►

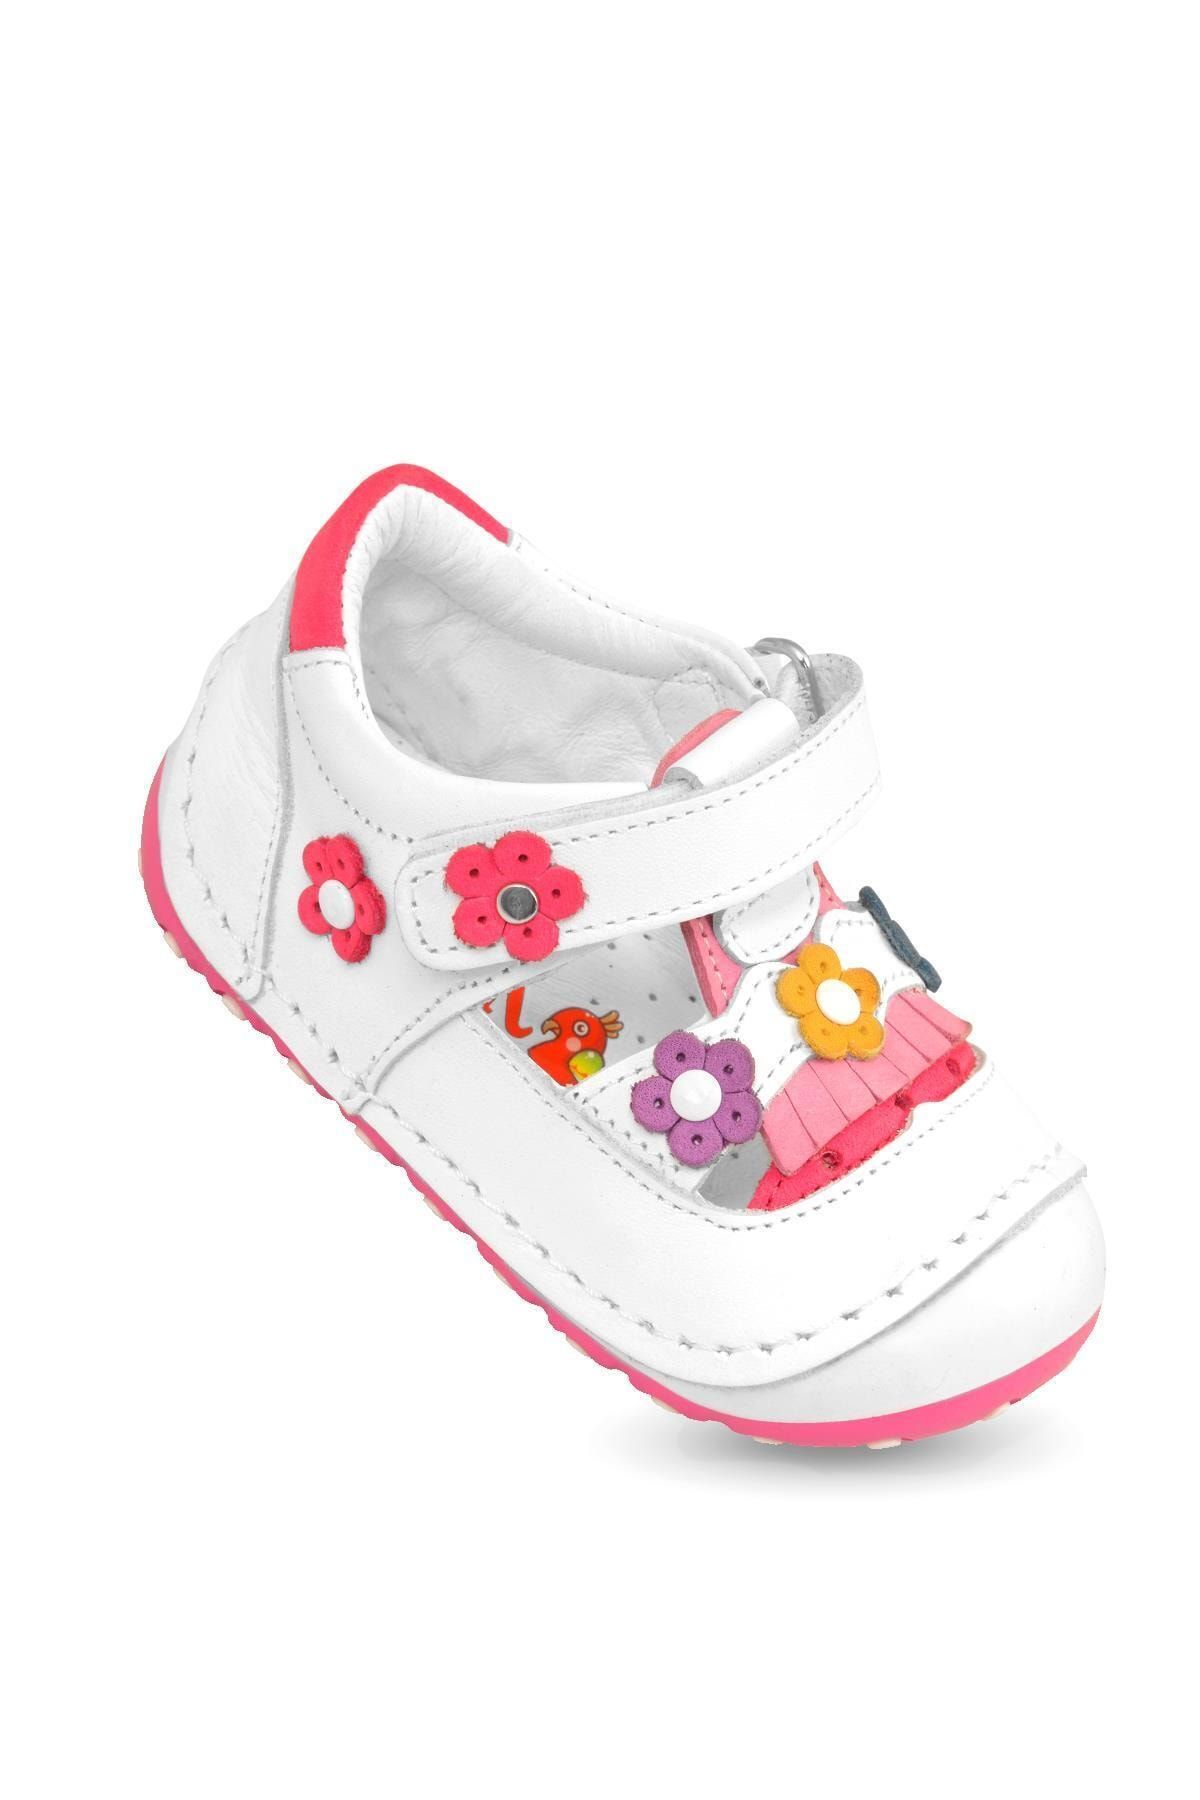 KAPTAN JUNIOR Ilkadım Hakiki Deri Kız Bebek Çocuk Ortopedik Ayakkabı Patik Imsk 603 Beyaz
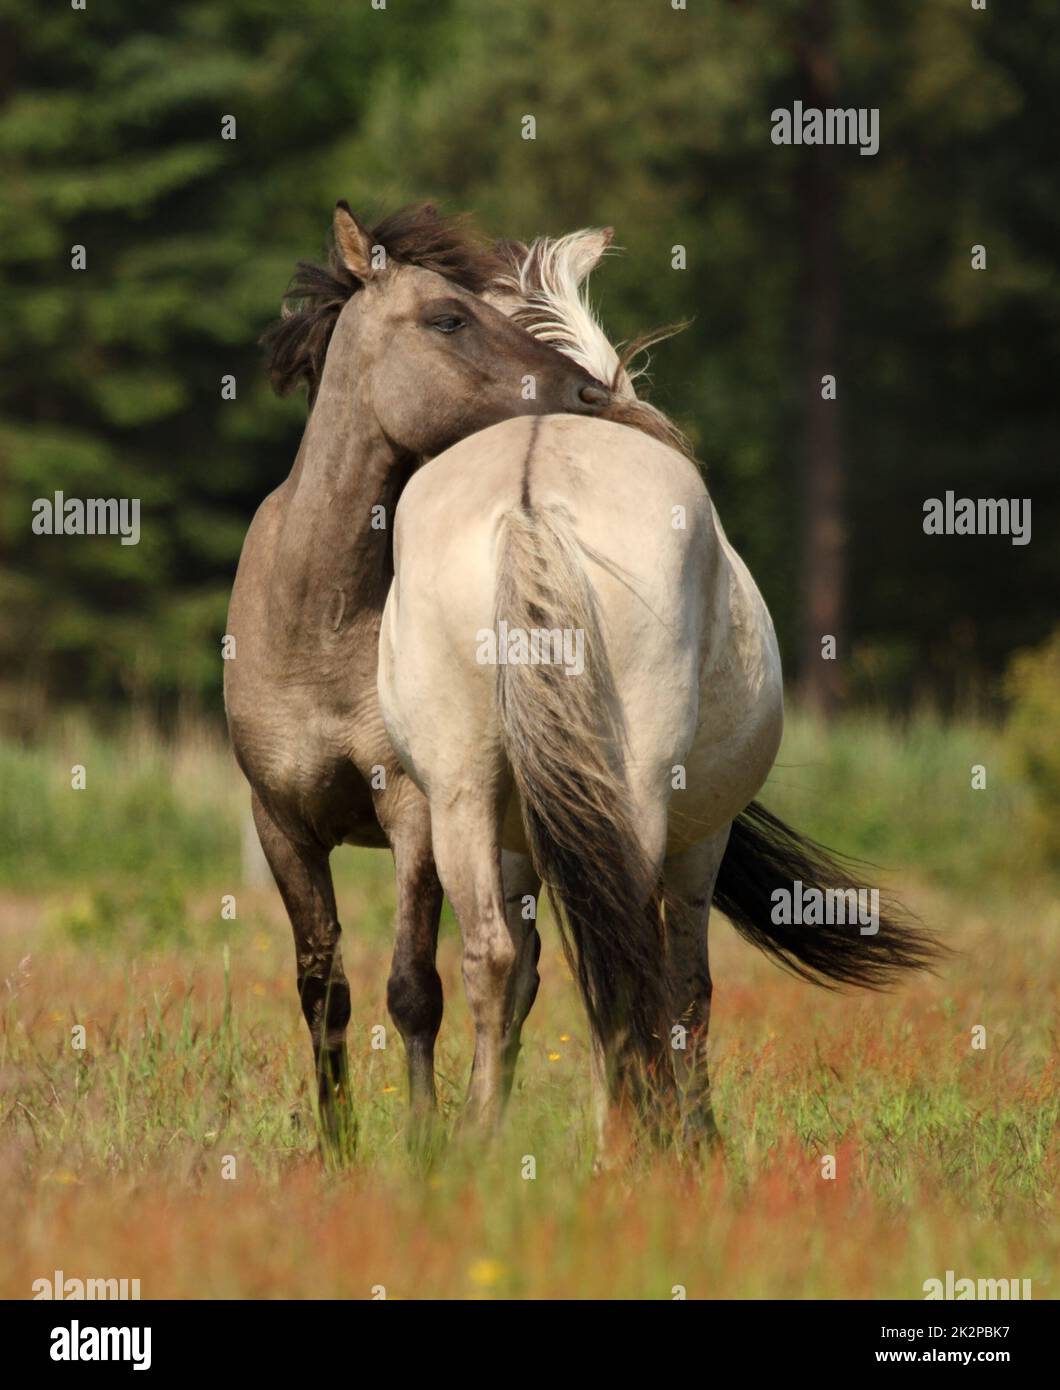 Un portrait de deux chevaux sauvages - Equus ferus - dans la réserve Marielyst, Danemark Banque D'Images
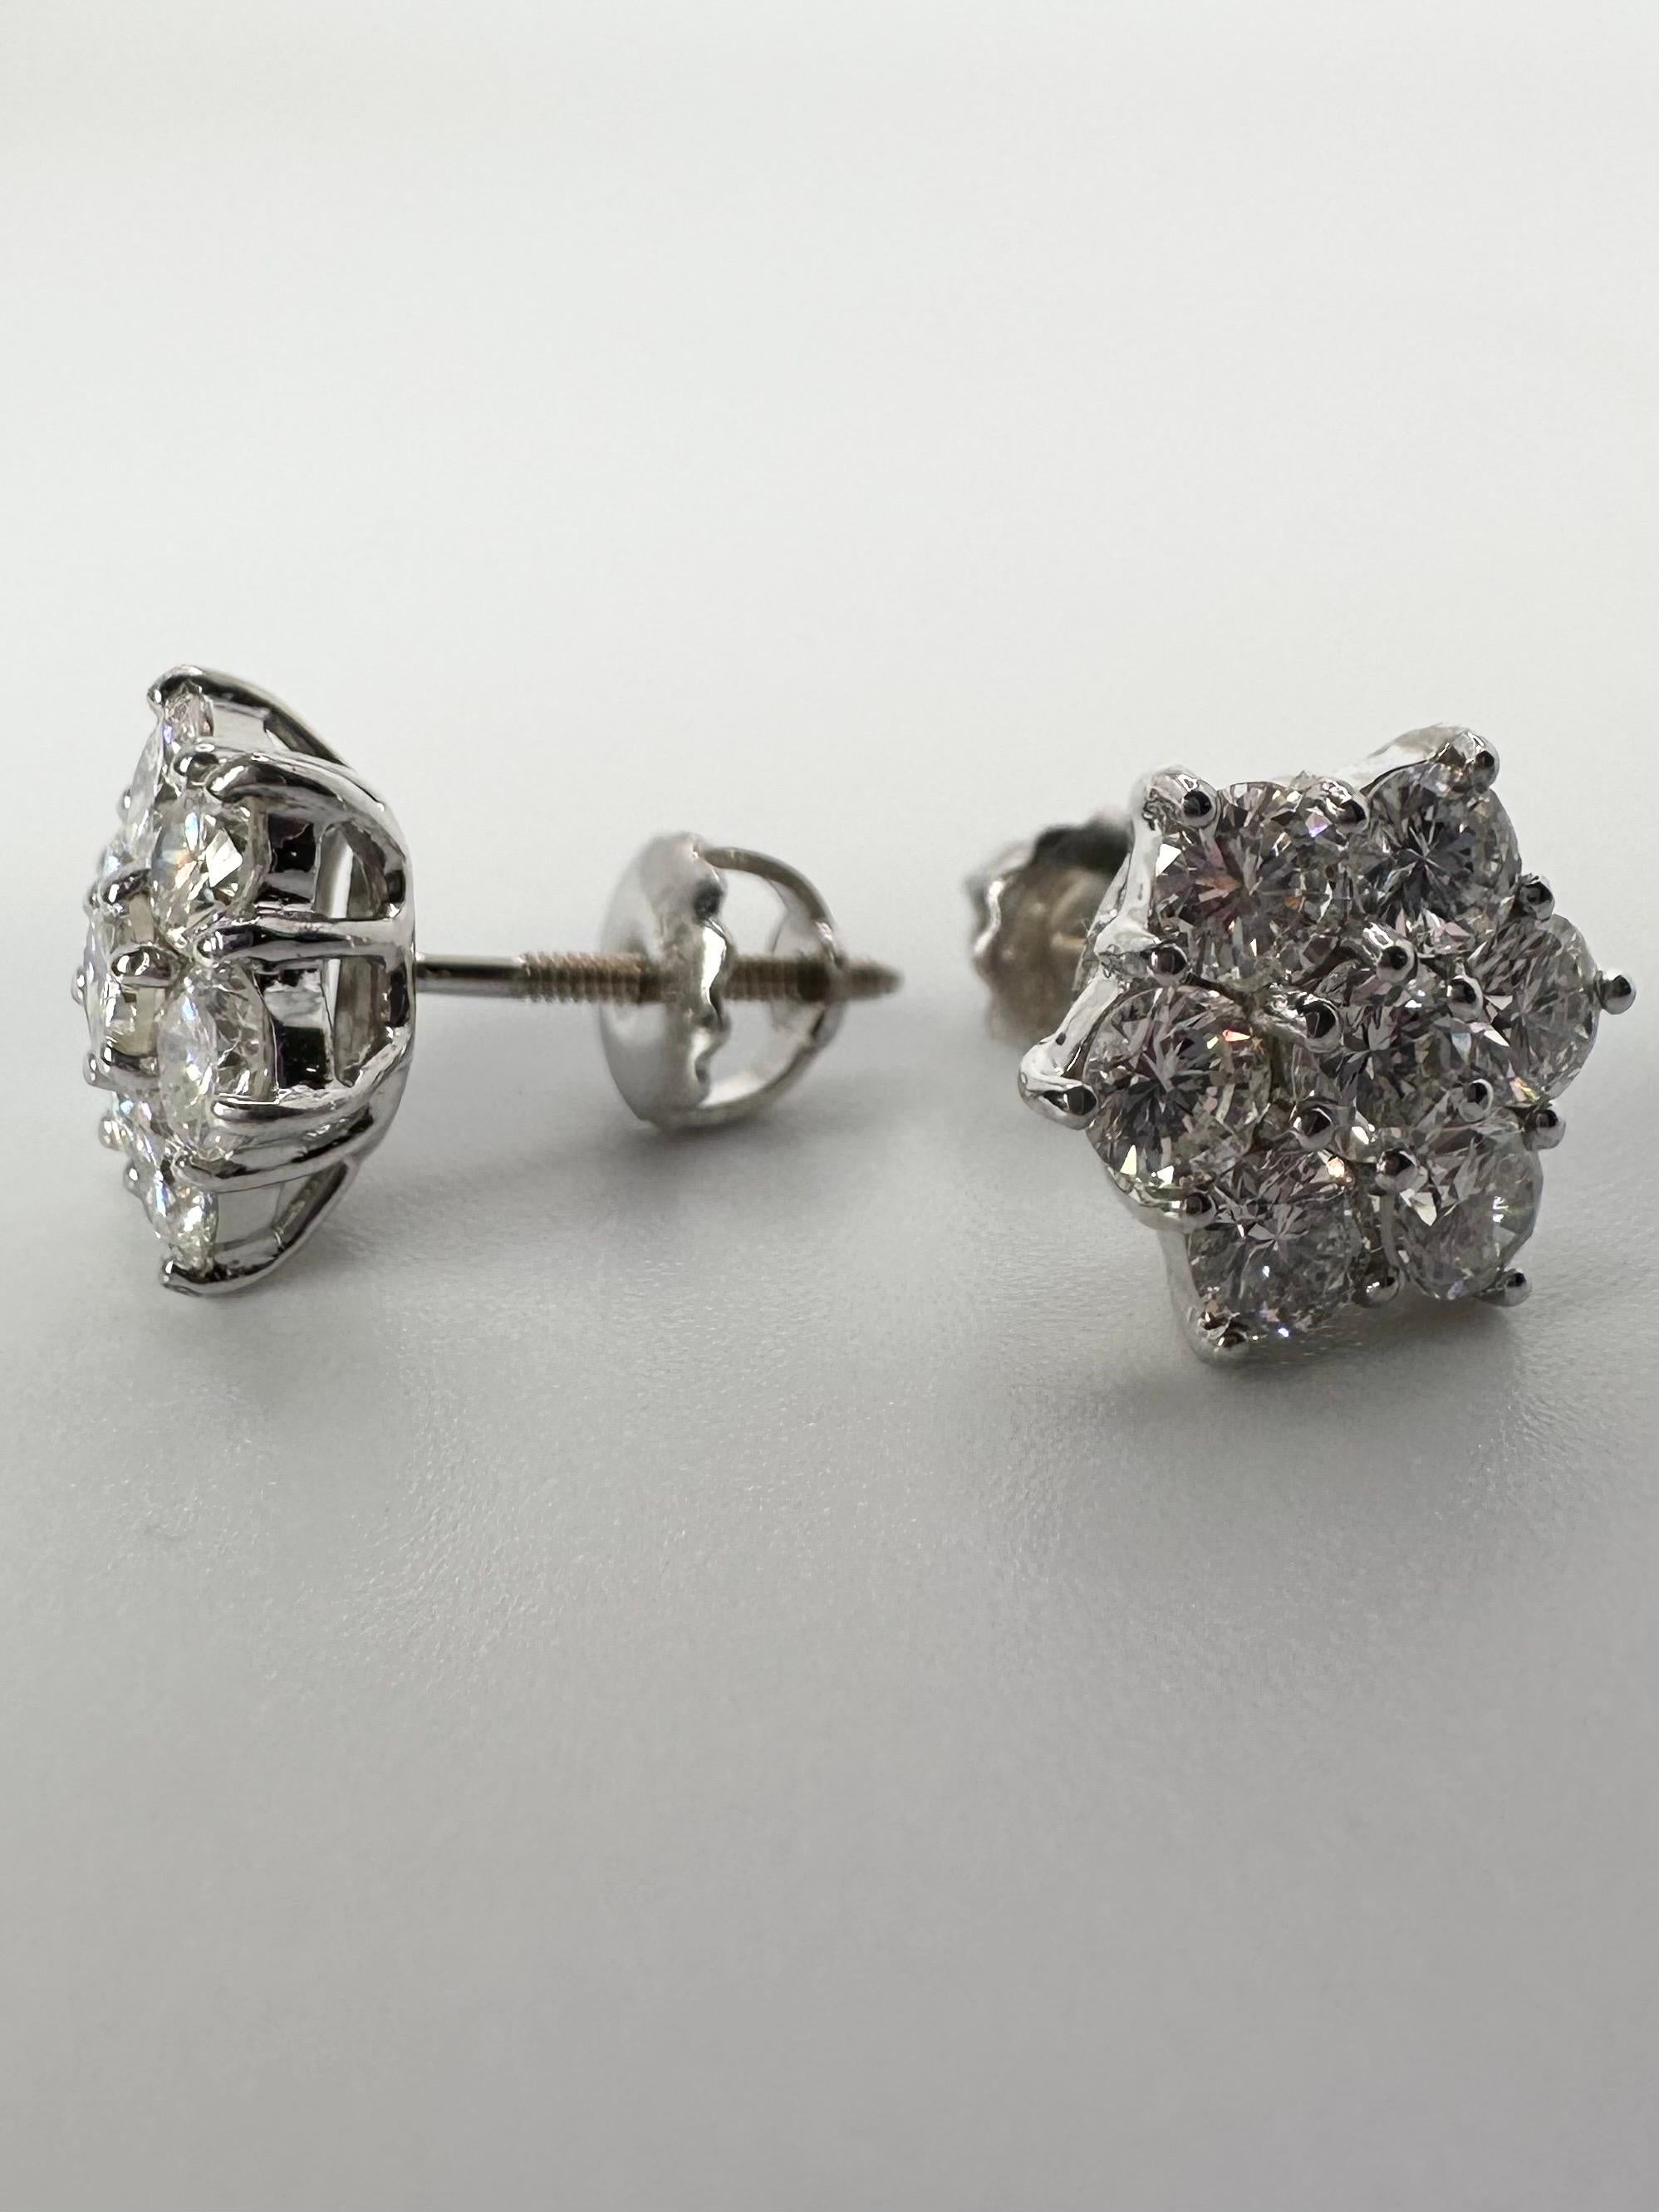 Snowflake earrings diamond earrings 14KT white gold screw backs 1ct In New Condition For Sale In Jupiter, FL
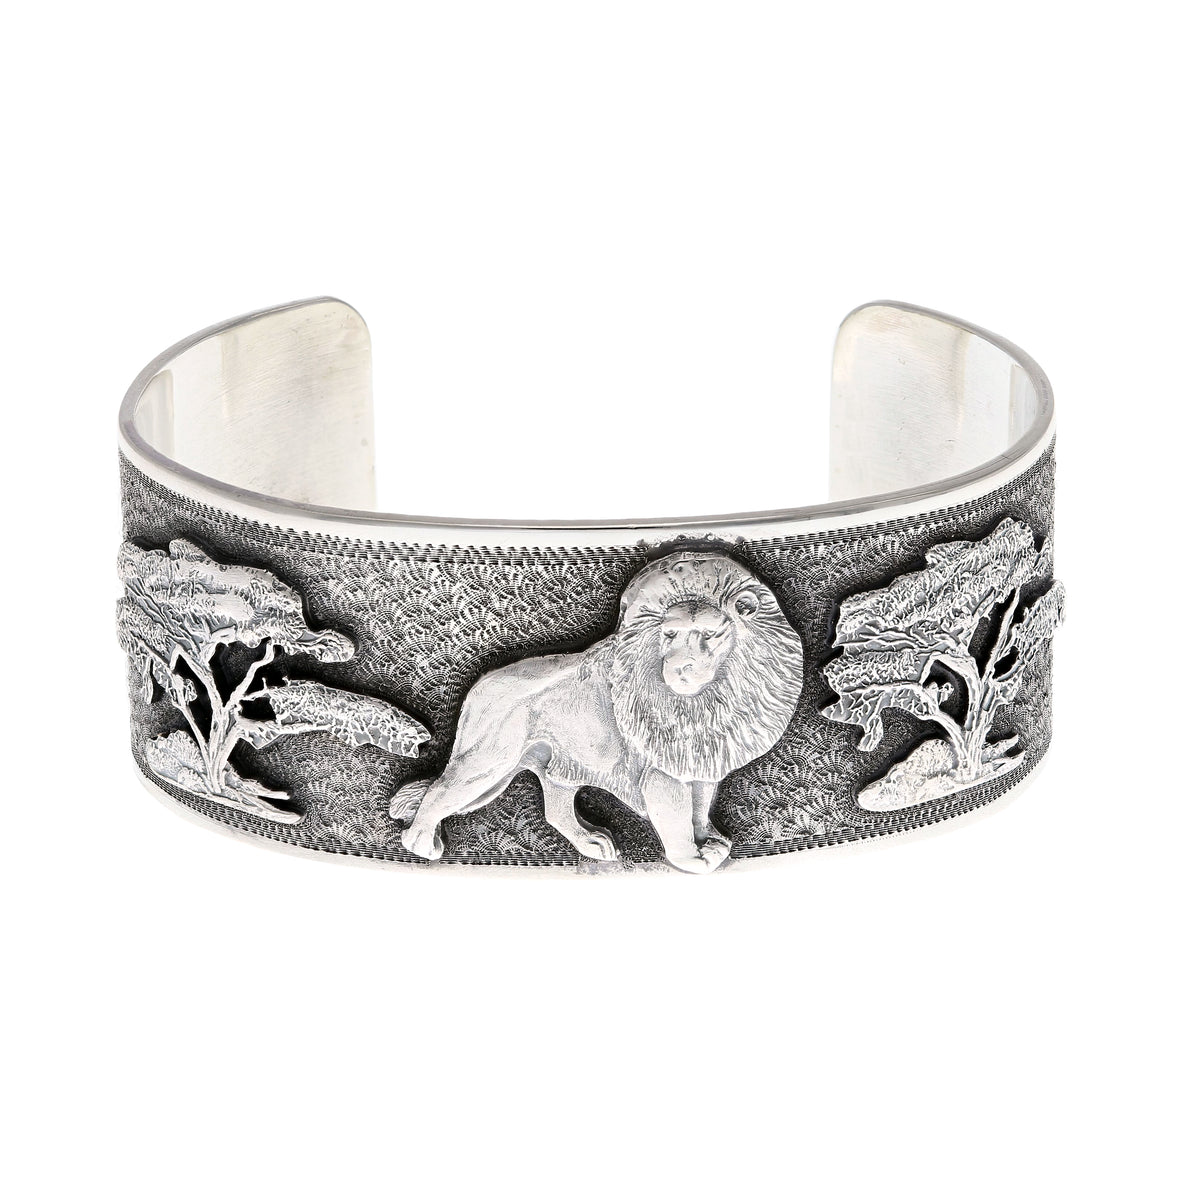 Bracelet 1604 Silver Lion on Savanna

◄

WHAT THE EXERCISE ASKS: Begin with the line that contains "Snowflake earrings diamond" and repeat every line through the end of the data, exactly and only those lines, leaving out the pictures.

RESPONSE TO THE TASK:
 Snowflake earrings diamond earrings 14KT white gold screw backs 1ct In New Condition For Sale In Jupiter, FL
 Bracelet 1604 Silver Lion on Savanna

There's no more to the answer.